После этого я часа два гулял по весеннему Истанбулу, поглядывая на белые дувалы, резные двери и редкие деревья, так похожие на те, что растут у нас в Крыму. В конце концов, я махнул на все рукой и решил провести остаток дня с большей пользой, а посему отправился в местный Музей Древностей. Когда я был здесь в последний раз перед войной, его только собирались открывать, и наши турецкие коллеги постоянно обращались в Русский Археологический институт за консультациями.
Музей работал, но был почти пуст. Это оказалось даже к лучшему, мне никто не мешал, и я отвел душу – осмотрел неплохо составленную экспозицию, которая была, конечно, беднее, чем античный отдел Императорского Эрмитажа, но выглядела вполне достойно.
Кое-что было знакомо. Некоторые экспонаты мне показывали еще до войны, а одну надпись на скверном малоазийском мраморе я приветствовал как старую знакомую. Уж ее-то я знал! Решив себя проверить, я не стал глядеть на мрамор и, закрыв глаза, прочитал про себя весь текст с указанием двух лакун и ошибки резчика. Открывать глаза мне не очень хотелось – все-таки пять лет войны, контузии, и я мог ошибиться. Но – нет, такое не забывается.
Затем я прочел сопроводительный текст, чуток поморщился – можно было написать полнее, и тут только заметил, что рядом со мной стоит молодой симпатичный турок, естественно, в феске, зато в костюме и при галстуке. Турок вежливо поклонился и спросил по-французски, не может ли он чем-нибудь помочь господину офицеру. Ну, хотя бы прочитать и перевести эту надпись.
Я поблагодарил его, заметив, что эту надпись мне уже доводилось в свое время переводить и даже публиковать. А перед этим довелось лично выламывать ее из стены полуразрушенного дома на окраине Конии, предварительно сунув «бакшиш» двум сарбазам, дабы те закрыли глаза на эту акцию.
Турок вежливо выслушал и сказал, что, насколько ему известно, эту надпись опубликовали профессор Кулаковский и его молодой коллега по фамилии... Последовала пауза, но фамилию он воспроизвел верно. Но, добавил он, ему также известно, что господин Кулаковский умер.
Я представился. Он чрезвычайно удивился, поглядел на мой далеко не академический вид с некоторым сомнением, и тогда я, отвернувшись от надписи, прочитал ее целиком, на этот раз вслух. А затем указал на две неточности в висящем рядом французском переводе.
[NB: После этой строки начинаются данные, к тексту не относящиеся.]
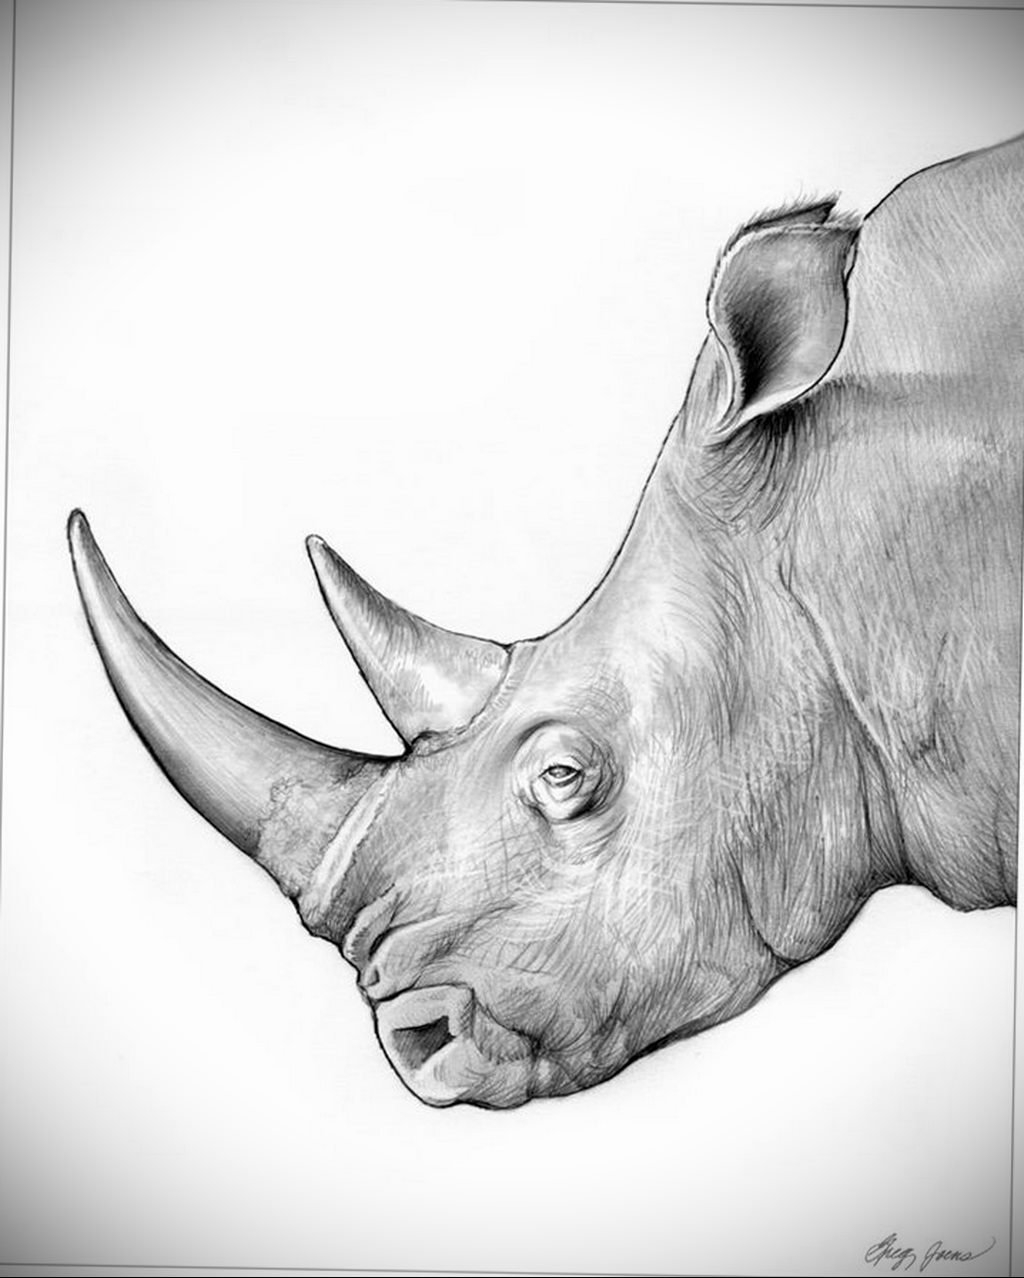 Как нарисовать носорога карандашом поэтапно

Турок оказался господином Акургалом, заместителем директора по научной части. Я тут же был отконвоирован в его кабинет, напоен настоящим турецким кофе и засыпан вопросами. Господина Акургала интересовала масса вещей: от того, почему мы с профессором Кулаковским датировали эту надпись второй четвертью третьего века от Рождества Христова, до того, где теперь его русские коллеги, с которыми из-за этой ужасной войны прерваны все связи. И над чем теперь работает античный отдел самого великого музея мира – Императорского Эрмитажа.
С надписью было проще: я указал на особенности написания «тэты» и «эпсилон», посоветовав заглянуть в «Corpus graecarum», где есть точные аналогии. Про Эрмитаж я знал лишь, что с 18-го там располагалась питерская «чека», которая, вероятно, и работает с его сотрудниками. Ну, а насчет коллег... Видит Бог, я и сам хотел бы знать, что с ними случилось!
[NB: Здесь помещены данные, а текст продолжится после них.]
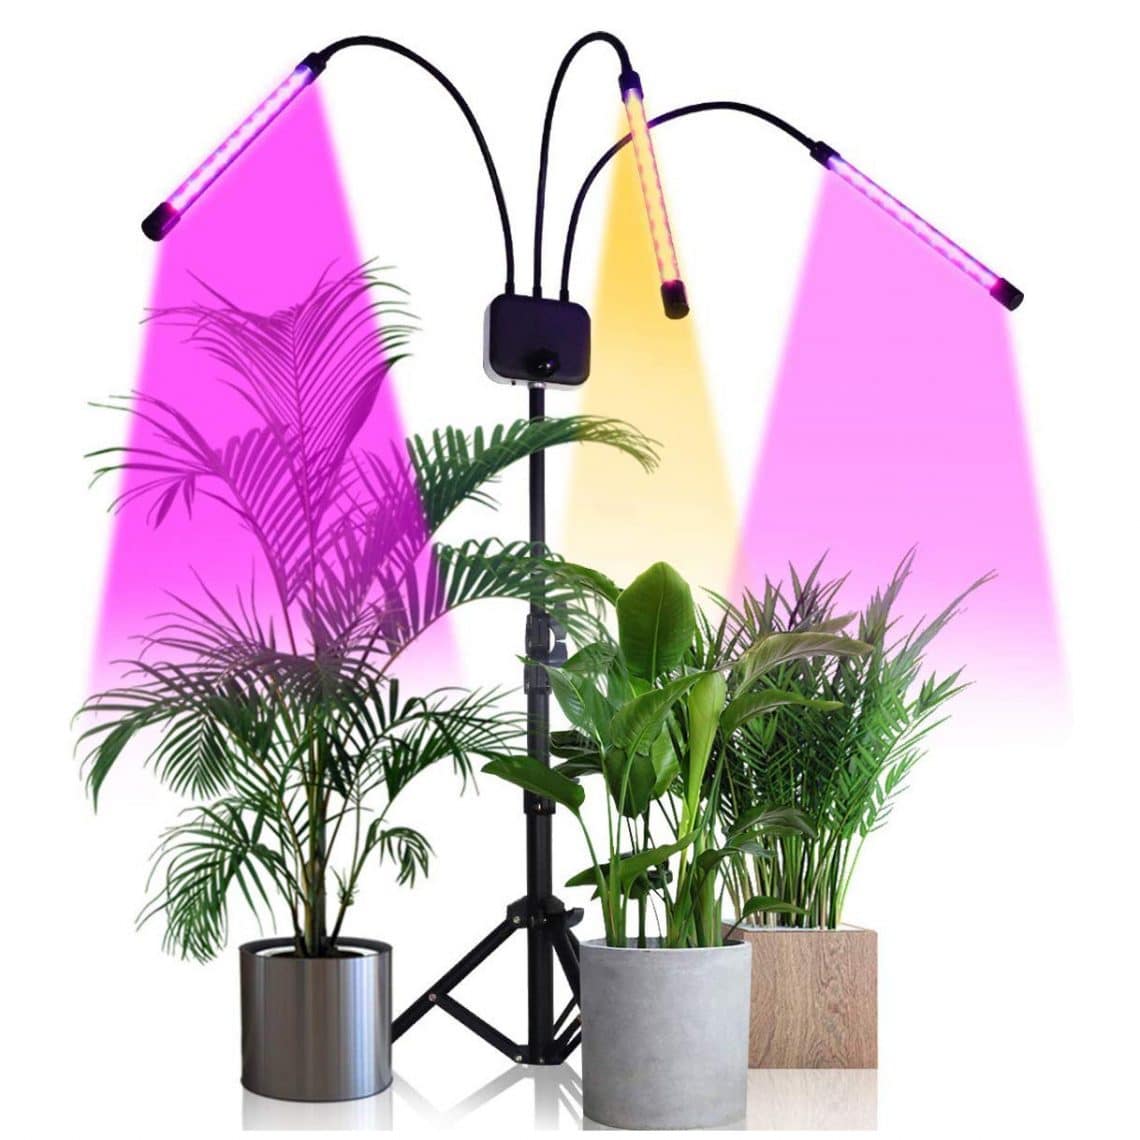 grow lights for indoor plants download free

Профессор Кулаковский умер, не дожив, к счастью, до Армагеддона. Академику Федору Усвятскому, однофамильцу моего поручика, повезло меньше – умер от голода весной 18-го. Михаилу Ивановичу Ростовцеву удалось, кажется, уехать за границу. Туда же успел вырваться в 19-м и профессор Виппер. Об остальных я ничего не знал. Впрочем, я спросил, помнит ли господин Акургал публикации профессора Лепера.